Highlights
Drawing from three years of experience, the paper “Lessons from the Trenches on Reproducible Evaluation of Language Models” addresses several challenges in evaluating LLMs, such as assessing correct natural language responses, designing benchmarks, and managing the often opaque implementation details. It proposes best practices for improving the communication of results and the rigour of evaluation in the NLP community. To facilitate the adoption, the authors also present lm-eval, an open source library that provides a flexible API for model and task implementations and simplifies model evaluations (some case studies included!).
Stuff from ICLR 2024
The latest from ICLR 2024 showcases a range of interesting works on AI evaluation. Highlights include studies evaluating the psychological traits of LLMs; testing the ability of LLMs to learn low-resource languages from a single grammar book; and tracing data contamination in LLMs. Lots of new benchmarks (MuRS, Pinocchio, Genie, ImagenHub, COLLIE, RepoBench, LLMBar). Also, new papers explore the capabilities of LLMs such as memorisation, zero-shot robustness, human cognition; bias in multiple choice Qs, binding mechanisms or reasoning biases. In particular, an invited talk by Moritz Hardt explores the emerging science of benchmarking, which addresses issues—namely, annotator error, the external validity of model rankings, and the potential of multi-task benchmarks—challenges conventional wisdom, and highlights the need for systematic benchmarking studies in machine learning.
Policy and Governance
The UK government launched an £8.5 million grant programme to support cutting-edge research into AI safety and security and to protect society from AI-related risks.
Despite a landmark agreement announced by the UK PM to conduct pre-launch safety testing of AI models, Big Tech isn’t letting the UK Safety institute test their models pre-deployment, according to Politico.
Techniques (mostly LLMs)
Noise may be a much more significant component of inaccuracy compared to bias, according to this paper detailing noise audit of human-labelled benchmarks in machine commonsense reasoning. The authors find that noisy labels impact AI evaluation by up to 10% in human performance estimates and over 4% for AI models like ChatGPT, suggesting the need to reconsider single 'ground-truth' labels.
Model evaluations are critical to AI safety, but often neglect real-world human-AI interactions. This paper introduces "human interaction evaluations" (HIEs) to fill this gap, proposes a three-stage framework for designing HIEs, demonstrates its application to risks of overreliance and persuasion, and offers recommendations for improving AI evaluation practices.
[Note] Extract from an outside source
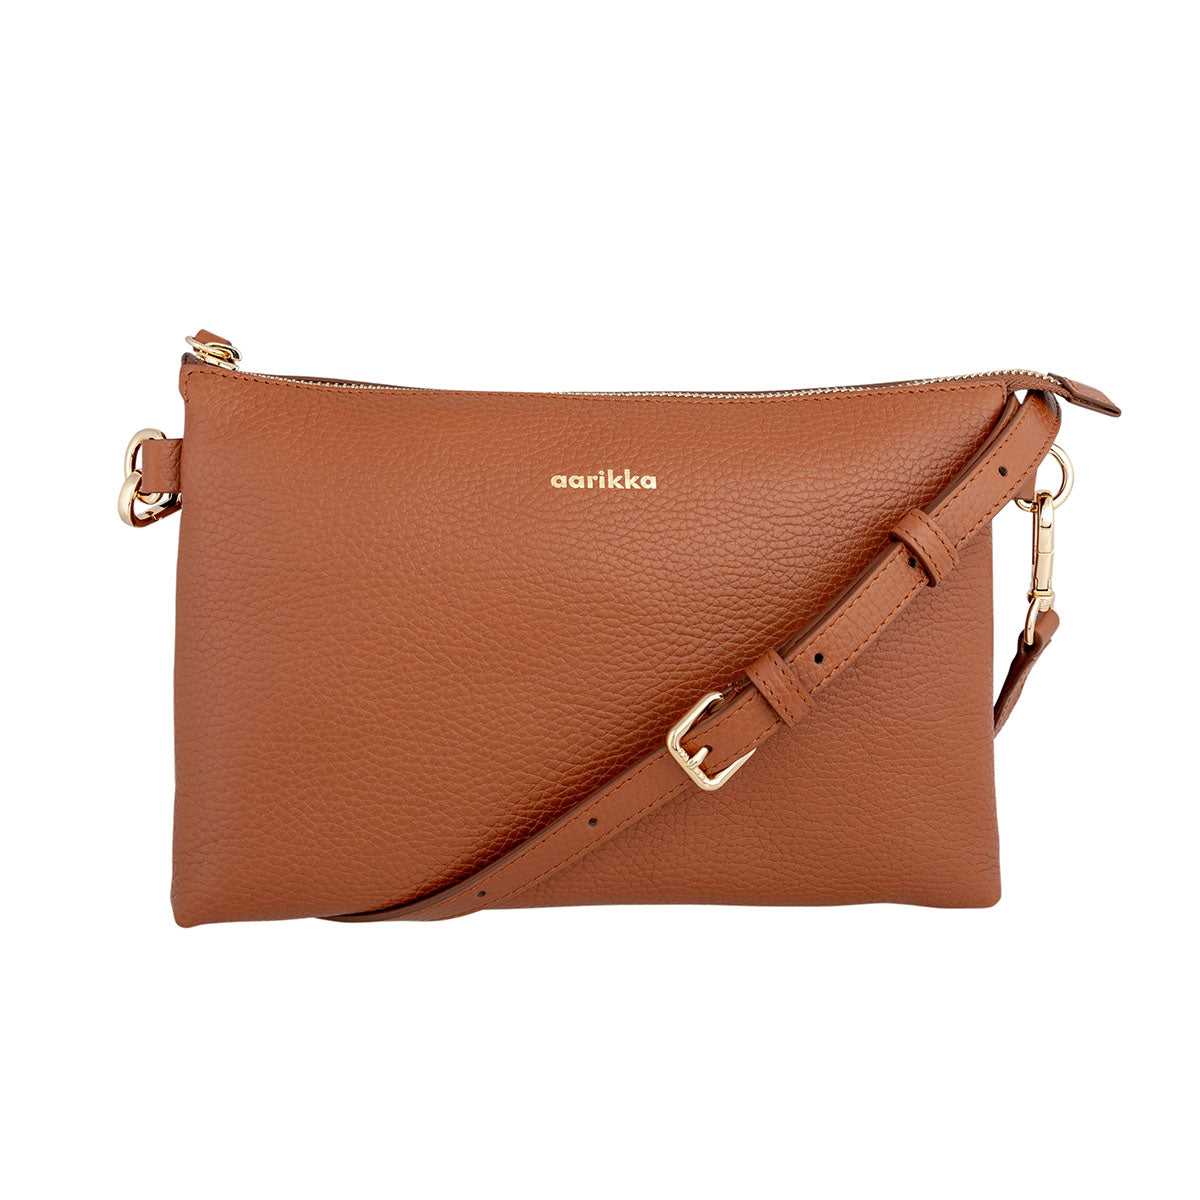 New arrivals: Bags and accessories

Research shows that multimodal models such as CLIP and Stable-Diffusion require exponentially more pre-training data to improve zero-shot generalisation, debunking the notion of innate zero-shot ability and introducing the "Let it Wag!" benchmark for further study.
In a Careful Examination of Large Language Model Performance on Grade School Arithmetic, Scale AI finds significant "overfitting" of certain LLMs (e.g., Phi and Mistral) on popular AI benchmarks in, while those on the frontier (e.g., Gemini/GPT/Claude) show minimal signs of overfitting.
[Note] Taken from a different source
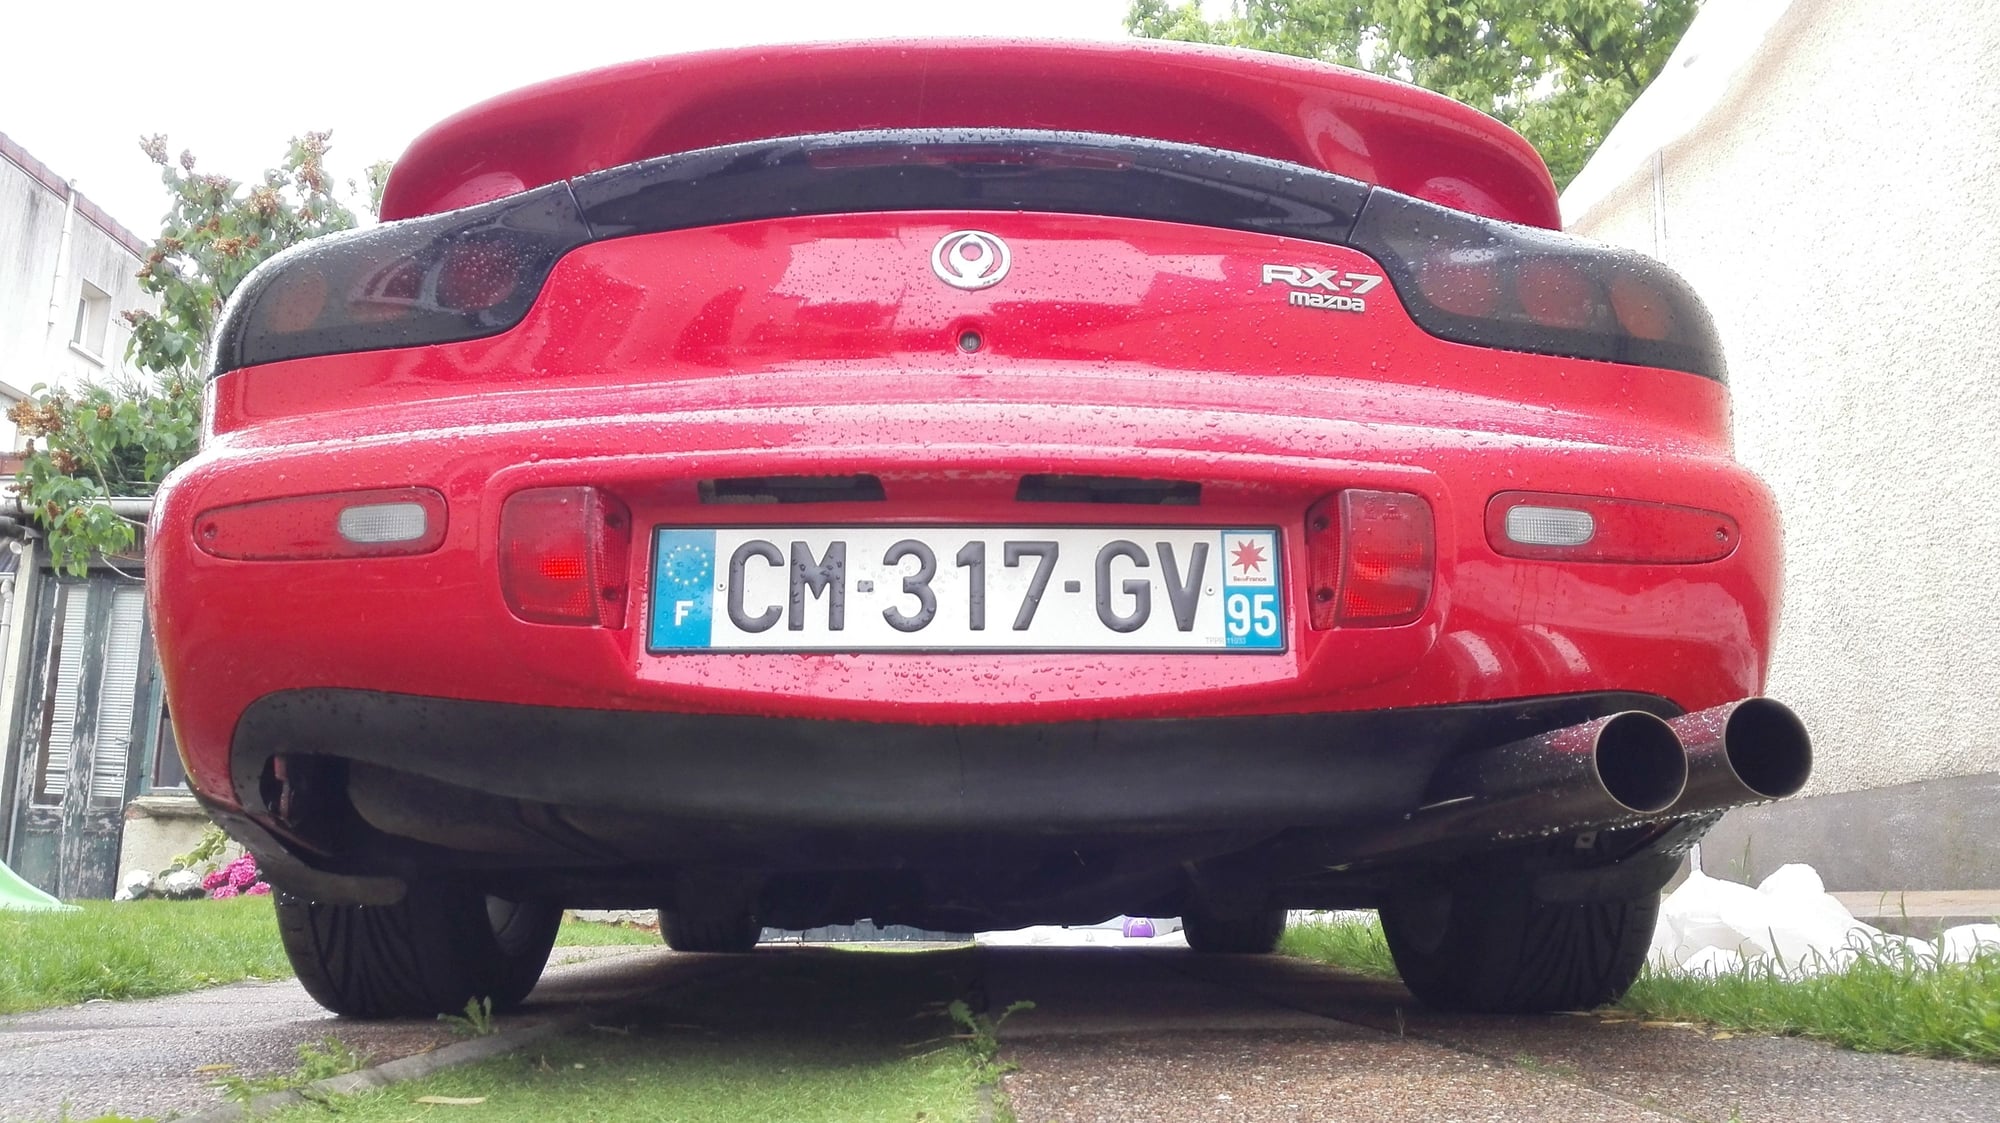 Engine - Exhaust - FD3S blast pipes to bolt to your RB catback front end - Used - 1993 to 2002 Mazda RX-7 - Saint Maur Des Fossés, France

Prometheus 2 is an open-source language model designed to evaluate other LLMs with high accuracy, flexibility, and alignment to human judgement, surpassing existing models in correlating with human and proprietary LM scores. (The first in the saga, Prometheus 1, presented in ICLR 2024)
This study proposes methods to automatically detect under-trained tokens, known as "glitch tokens", in LLMs, aiming to improve model safety and efficiency by addressing the disconnect between tokenizer creation and model training.
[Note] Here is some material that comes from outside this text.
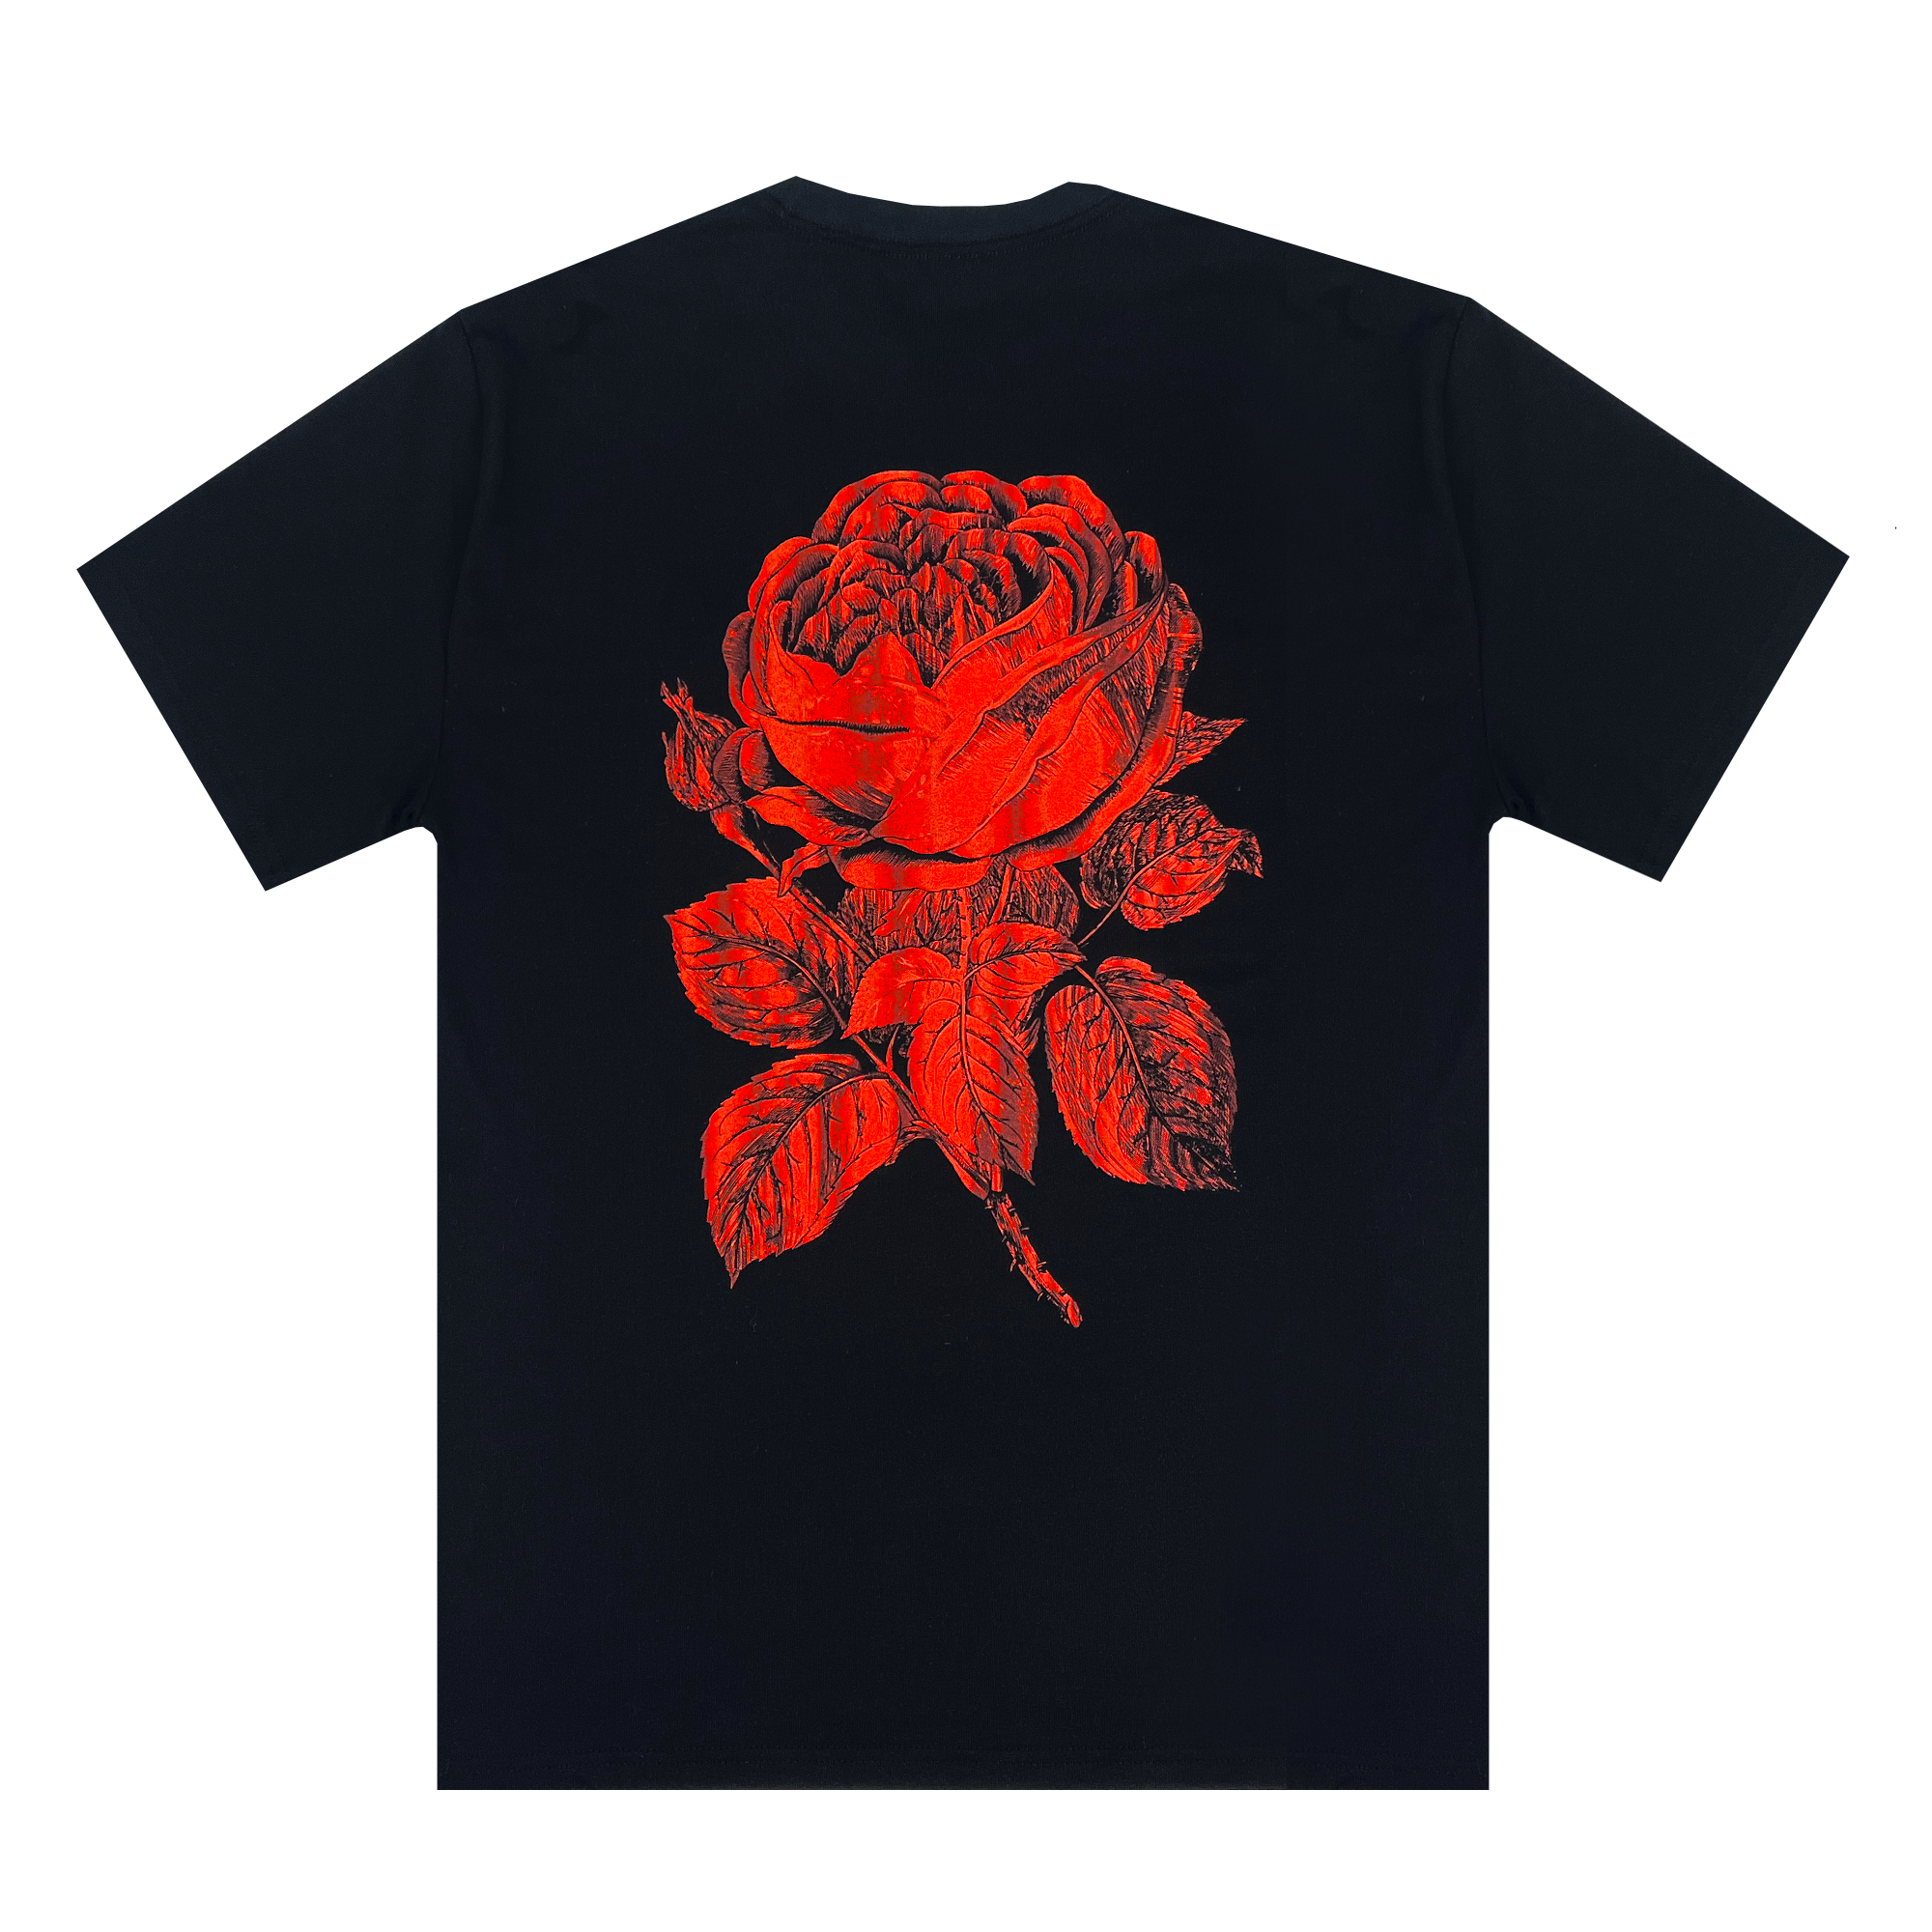 Back view of Black tee with red rose printed center.

PRISM gathers feedback from 1,500 participants across 75 countries, linking their socio-demographic profiles to their preferences in conversations with 21 LLMs, revealing critical insights into the subjective and multicultural orientation of AI, and advocating for broader, inclusive participation in AI development.
Benchmarking Benchmark Leakage in LLMs identifies pervasive benchmark dataset leakage in LLMs, which undermines the fairness and validity of model evaluations, and proposes a detection pipeline using perplexity and N-gram accuracy metrics, along with recommending the implementation of a "Benchmark Transparency Card" (tab 19, pages 29-30).
A new method for evaluating the task-specific accuracy of RAGs using Item Response Theory to generate and refine multiple-choice exams, highlighting that optimising retrieval algorithms can significantly outperform mere model size improvements.
Commentary
As in previous works [like this or this], the guys at AI Snake Oil argue that using Pareto curves that account for cost-accuracy trade-offs can provide a more informative evaluation framework (compared to traditional AI rankings), revealing, for example, that simpler and cheaper baseline approaches can match or exceed the performance of more complex and costly AI agents.
REFORMS is a checklist of 32 questions and guidelines that aims to improve the validity, reproducibility and generalisability of ML-based science by providing a consensus-based framework developed by 19 experts from different fields. Modules 7 and 8 in the checklist are those related to evaluation.
Interesting post from NLP News about how the rapid advancements of LLMs have outpaced existing benchmarks, with issues of memorization and overfitting becoming significant concerns.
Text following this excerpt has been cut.